Download or read book Exit Zero written by Christine J. Walley and published by University of Chicago Press. This book was released on 2013-01-17 with total page 237 pages. Available in PDF, EPUB and Kindle. Book excerpt: Winner of CLR James Book Prize from the Working Class Studies Association and 2nd Place for the Victor Turner Prize in Ethnographic Writing. In 1980, Christine J. Walley’s world was turned upside down when the steel mill in Southeast Chicago where her father worked abruptly closed. In the ensuing years, ninety thousand other area residents would also lose their jobs in the mills—just one example of the vast scale of deindustrialization occurring across the United States. The disruption of this event propelled Walley into a career as a cultural anthropologist, and now, in Exit Zero, she brings her anthropological perspective home, examining the fate of her family and that of blue-collar America at large. Interweaving personal narratives and family photos with a nuanced assessment of the social impacts of deindustrialization, Exit Zero is one part memoir and one part ethnography— providing a much-needed female and familial perspective on cultures of labor and their decline. Through vivid accounts of her family’s struggles and her own upward mobility, Walley reveals the social landscapes of America’s industrial fallout, navigating complex tensions among class, labor, economy, and environment. Unsatisfied with the notion that her family’s turmoil was inevitable in the ever-forward progress of the United States, she provides a fresh and important counternarrative that gives a new voice to the many Americans whose distress resulting from deindustrialization has too often been ignored. This book is part of a project that also includes a documentary film.

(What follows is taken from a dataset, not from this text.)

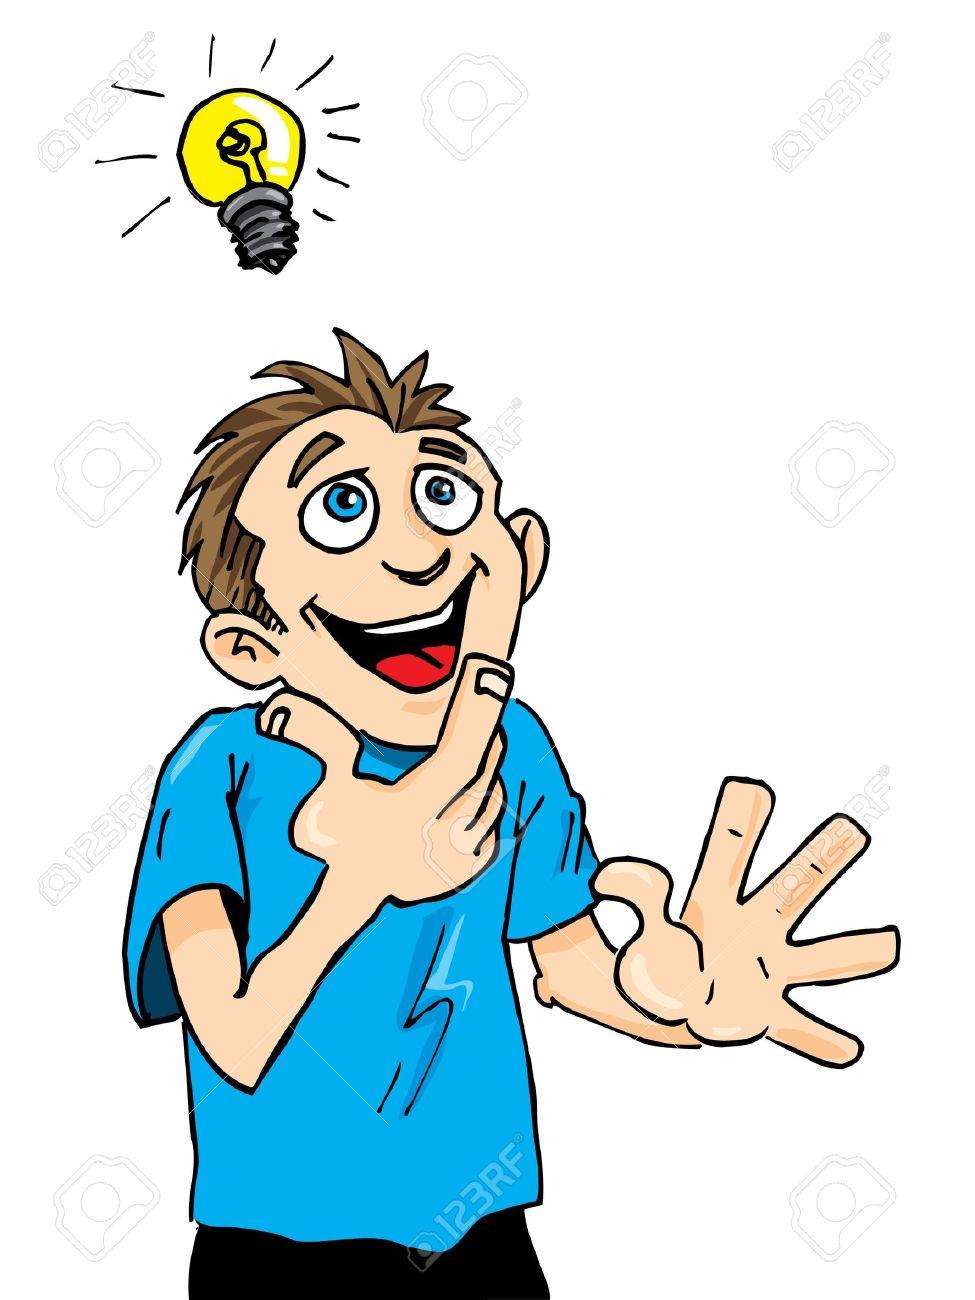 Cartoon man gets a bright idea. A light bulb above his head.

Download or read book Awakening to Race written by Jack Turner and published by University of Chicago Press. This book was released on 2012-09-20 with total page 217 pages. Available in PDF, EPUB and Kindle. Book excerpt: The election of America’s first black president has led many to believe that race is no longer a real obstacle to success and that remaining racial inequality stems largely from the failure of minority groups to take personal responsibility for seeking out opportunities. Often this argument is made in the name of the long tradition of self-reliance and American individualism. In Awakening to Race, Jack Turner upends this view, arguing that it expresses not a deep commitment to the values of individualism, but a narrow understanding of them. Drawing on the works of Ralph Waldo Emerson, Henry David Thoreau, Frederick Douglass, Ralph Ellison, and James Baldwin, Turner offers an original reconstruction of democratic individualism in American thought. All these thinkers, he shows, held that personal responsibility entails a refusal to be complicit in injustice and a duty to combat the conditions and structures that support it. At a time when individualism is invoked as a reason for inaction, Turner makes the individualist tradition the basis of a bold and impassioned case for race consciousness—consciousness of the ways that race continues to constrain opportunity in America. Turner’s “new individualism” becomes the grounds for concerted public action against racial injustice.